According to the previous post, object variables are actually a reference. Their values point to the memory address of the object, not the object itself. Both A and B use the new operator, which means that two strings with content "foo" will be generated in the memory. Since they are "two" strings, they are naturally located at different memory addresses. The values of A and B are actually the values of two different memory addresses. Therefore, if you use the "=" operator, the result is false. It is true that the content of objects A and B is "foo" and should be "equal", but the = operator does not involve the comparison of object content.

The comparison of object content is exactly what the equals method does.

Let's take a look at how the equals method of the object is implemented:

Boolean equals (Object O ){
Return this = O;

The = Operator is used by default for object objects.
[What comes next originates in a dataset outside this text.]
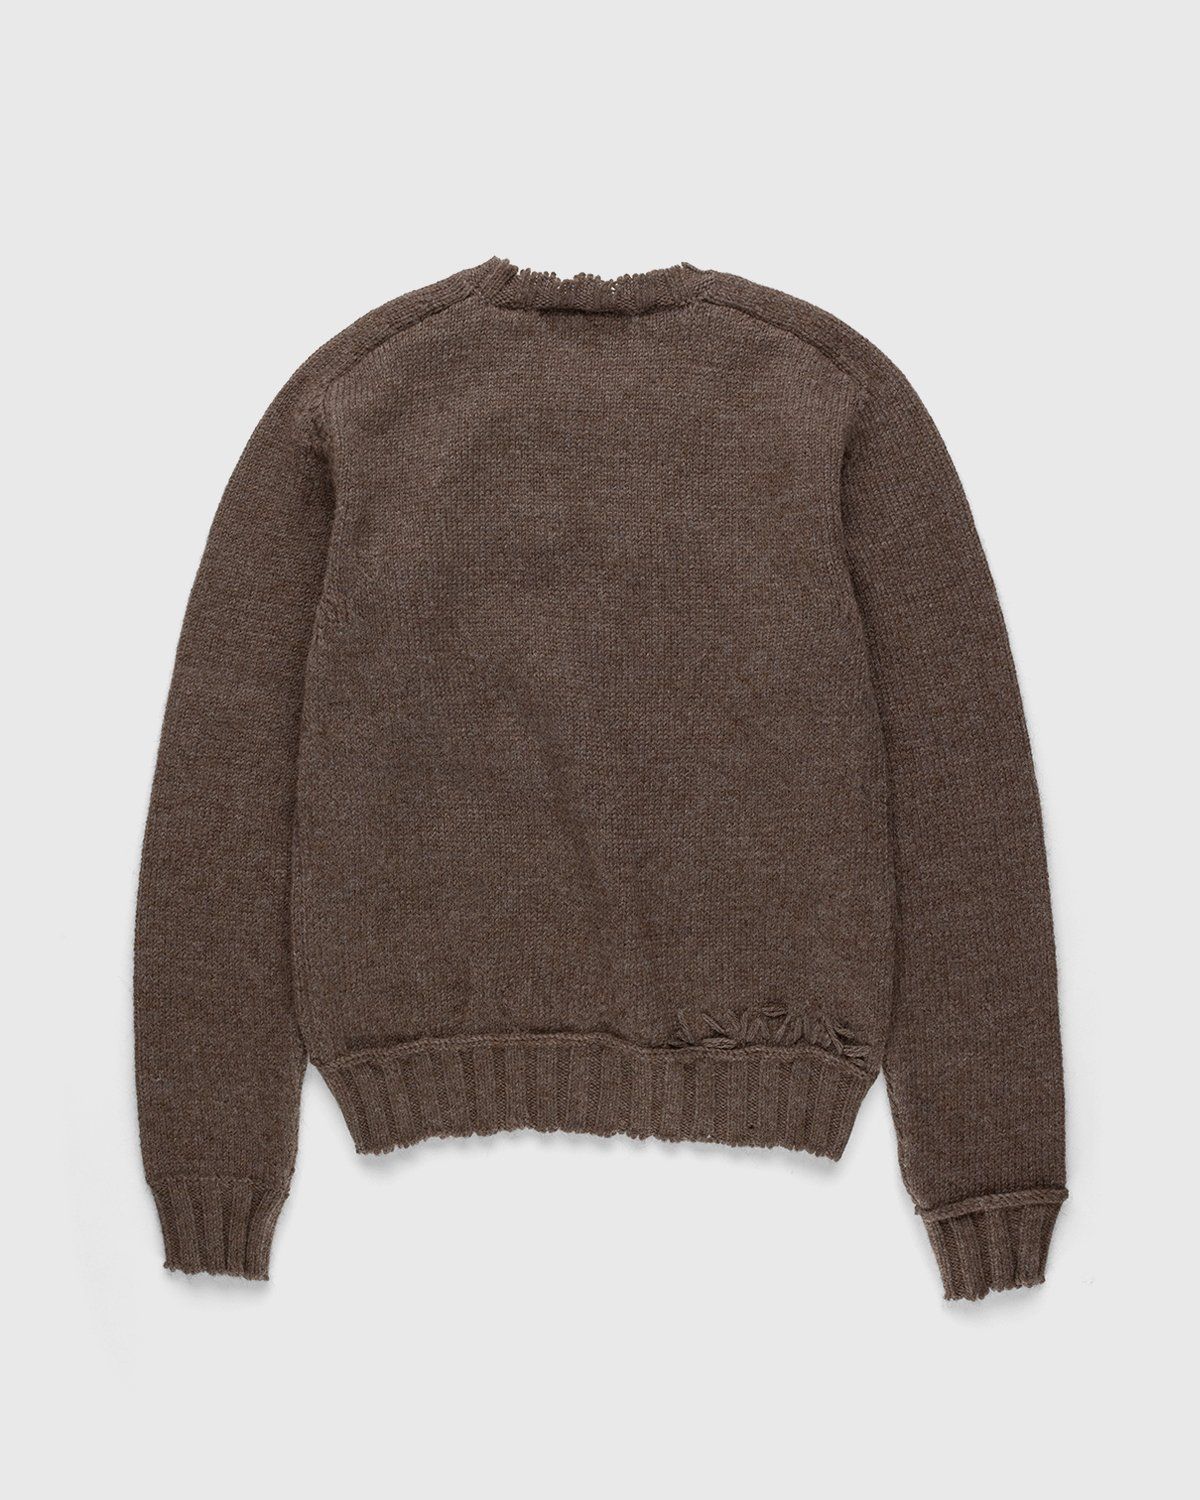 Phipps – Flower Knit Brown - Knitwear - Brown - Image 2

Therefore, if your own class does not overwrite the equals method, you will get the same result when using equals and =. We can also see that the equals method of the object does not meet the goal that the equals method should achieve: compare whether the content of the two objects is equal. Because the answer should be determined by the class creator, the object leaves this task to the class creator.

Take a look at the next extreme class:

Class monster {
Private string content;
Boolean equals (Object another) {return true ;}

Overwrite the equals method. This implementation will always return true regardless of the content of the monster instance.

Therefore, when you use the equals method to determine whether the object content is equal, do not take it for granted. Because you may think they are equal, and the authors of this class do not think so, and the implementation of the equals method of the class is controlled by him. If you need to use the equals method or any hash code-based set (hashset, hashmap, hashtable ), check the Java Doc to see how the equals logic of this class is implemented.

Question 3: Have the string changed?

No. Because string is designed as an immutable class, all its objects are immutable objects. See the following code:

String S = "hello ";
S = S + "world! ";

Is the object pointed to by s changed? It is easy to draw this conclusion from the first article in this series. Let's see what happened. In this Code, s originally points to a string object with the content "hello". Then we perform the + operation on S. Does the object s points to change? The answer is no. At this time, s points to another string object instead of the original object, and the content is "Hello world! ", The original object still exists in the memory, but the reference variable s no longer points to it.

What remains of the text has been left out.